Native to south Asia. Each vine needs at least 25 sq. ft., but you can run vines up a fence or trellis to conserve space. Seeds require warm soil to sprout, and flowers need heat for pollination.

There are long, smooth, green, slicing cucumbers; numerous small pickling cucumbers; and roundish, yellow, mild-flavored lemon cucumbers. Novelties include Asian varieties (long, slim, very mild), Armenian cucumber (actually a long, curving, pale green, ribbed melon with cucumber look and mild cucumber flavor), and English greenhouse cucumber. The last type must be grown in a greenhouse to avoid pollination by bees, with subsequent loss of form and flavor; when well grown, it’s the mildest of all cucumbers. ‘Sweet Success’ is a mild, seedless cucumber with the flavor and character of a greenhouse cucumber; the plant is female, but flowers do not require pollination.

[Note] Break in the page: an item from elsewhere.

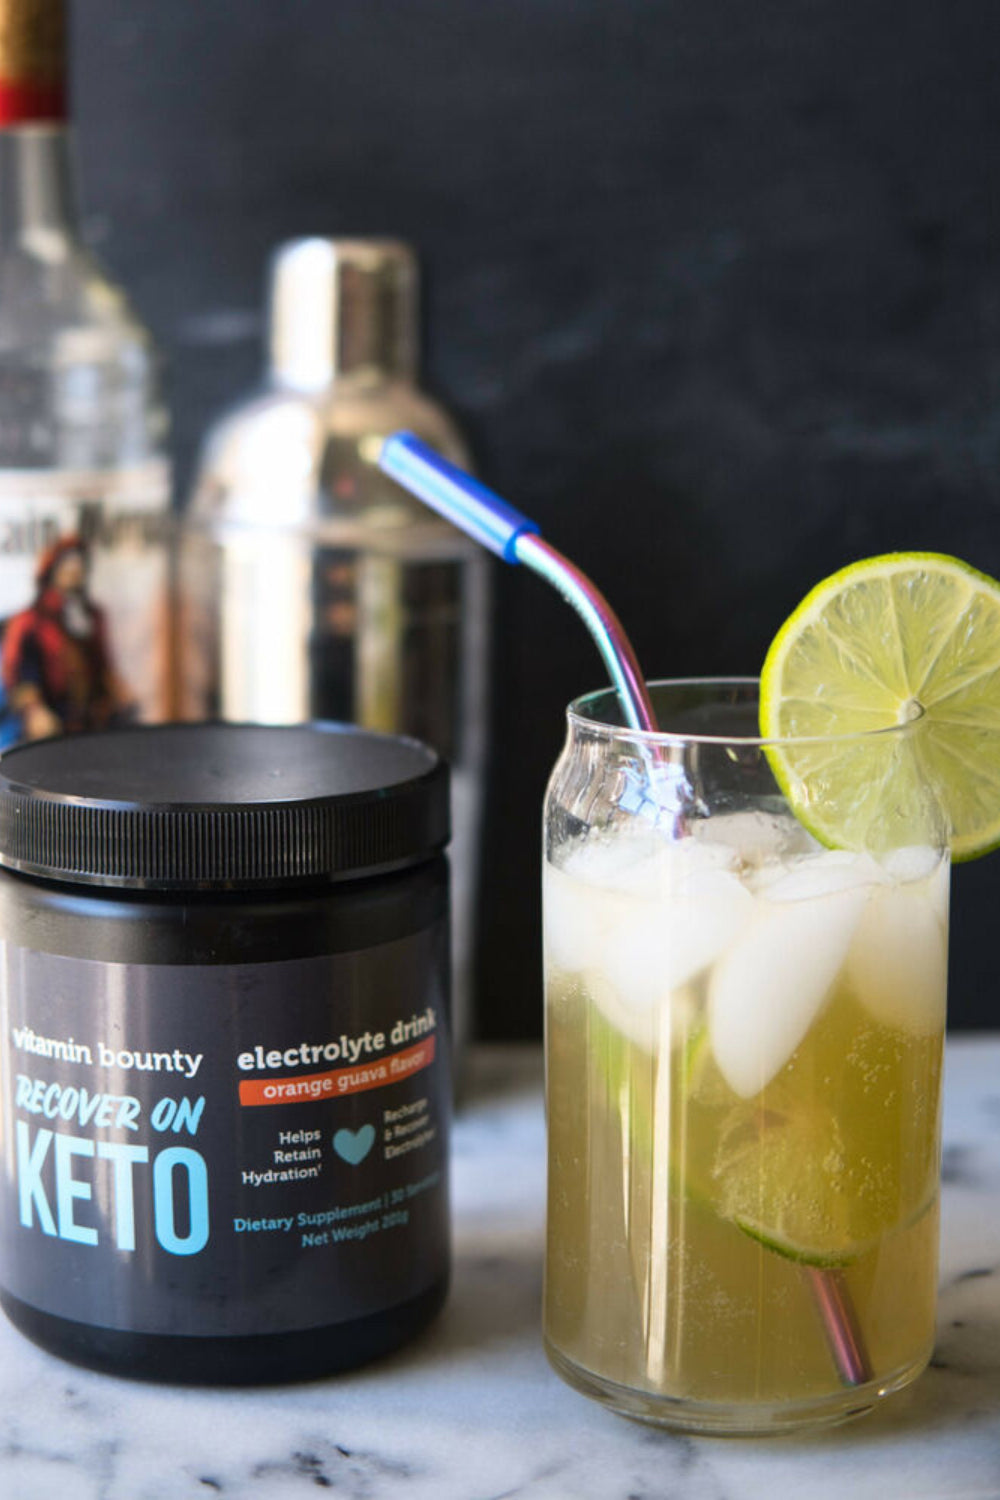 Orange, Guava, Lime & Rum Electrolyte Cocktail made with Recover on Keto by Vitamin Bounty

Bush cucumbers—varieties with compact vines—take up little garden space. Burpless varieties resemble hothouse cucumbers in shape and mild flavor but can be grown out-of-doors. Pickling cucumbers should be harvested as soon as they have reached the proper size—tiny for sweet pickles (gherkins), larger for dills or pickle slices. They grow too large very quickly.

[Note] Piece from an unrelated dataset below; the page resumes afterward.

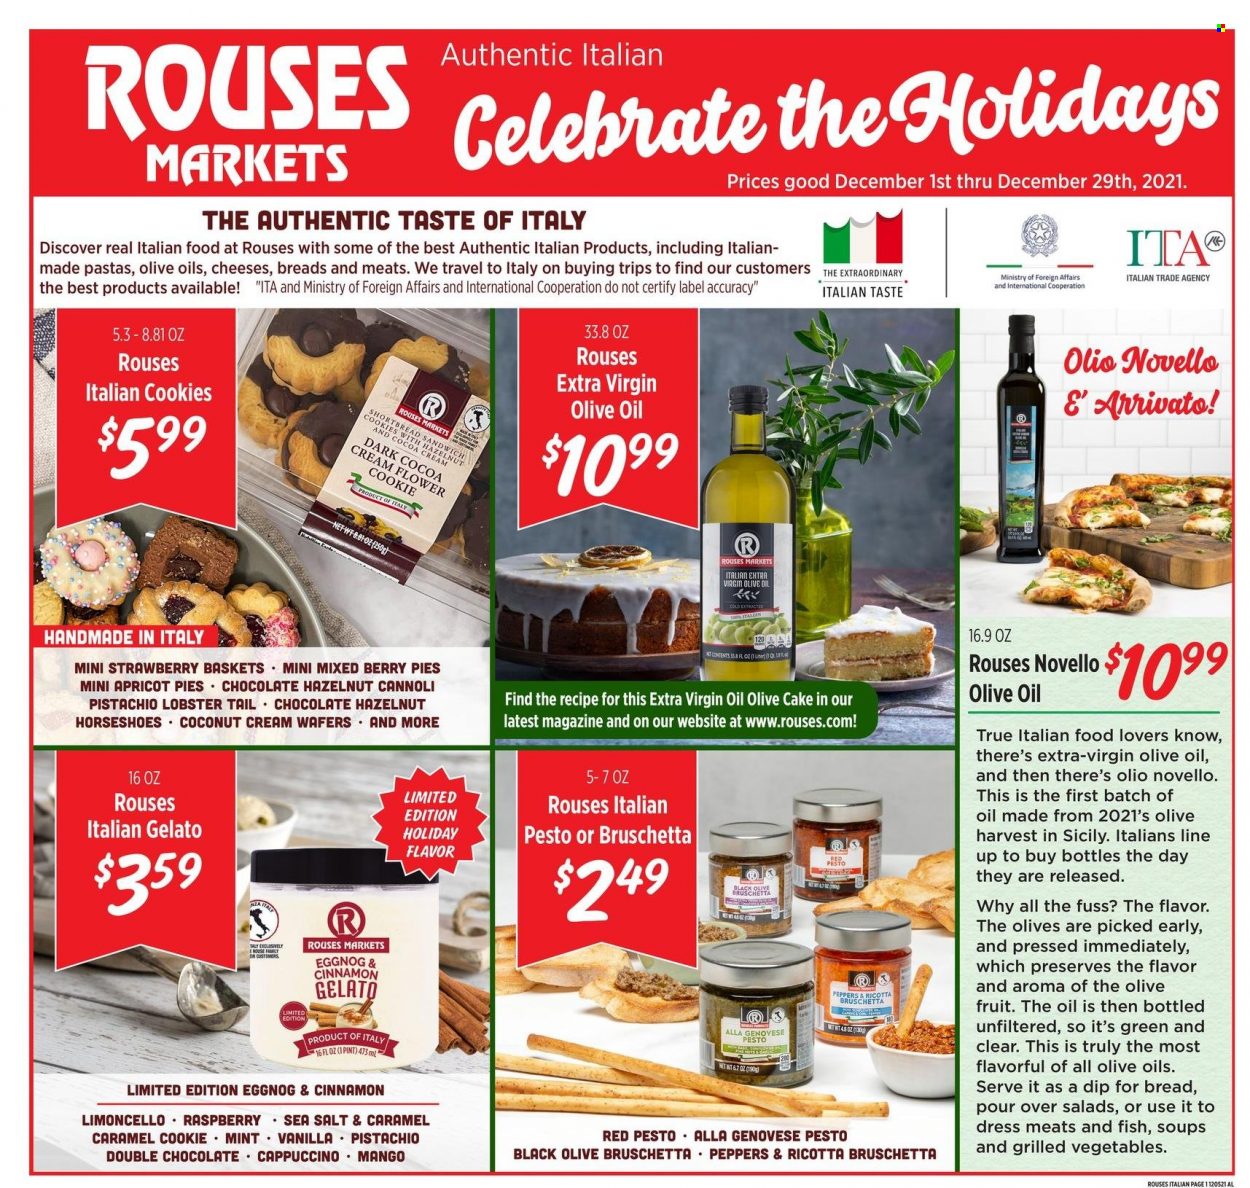 thumbnail - Rouses Markets Flyer - 12/01/2021 - 12/29/2021 - Sales products - cake, mango, coconut, lobster, lobster tail, sandwich, bruschetta, ricotta, cheese, gelato, cookies, sandwich cookies, wafers, chocolate, cocoa, sea salt, olives, cinnamon, caramel, pesto, extra virgin olive oil, olive oil, cappuccino, eggnog, Limoncello. Page 1.

Plant seeds in a sunny spot 1 to 2 weeks after the average date of last frost. To grow cucumbers on a trellis (the best way to keep them straight), plant seeds 1 in. deep and 1–3 ft. apart and permit main stem to reach top of support. Pick while young to ensure continued production.

Row covers will protect seedlings from slugs, snails, and various insect pests, including cucumber beetles and flea beetles; remove covers when flowering begins so that pollination can occur. Whiteflies are a potential pest late in the season; hose off plants regularly or hang yellow sticky traps. Misshapen fruit is usually due to uneven watering or poor pollination; bitter fruit is usually a result of uneven irrigation.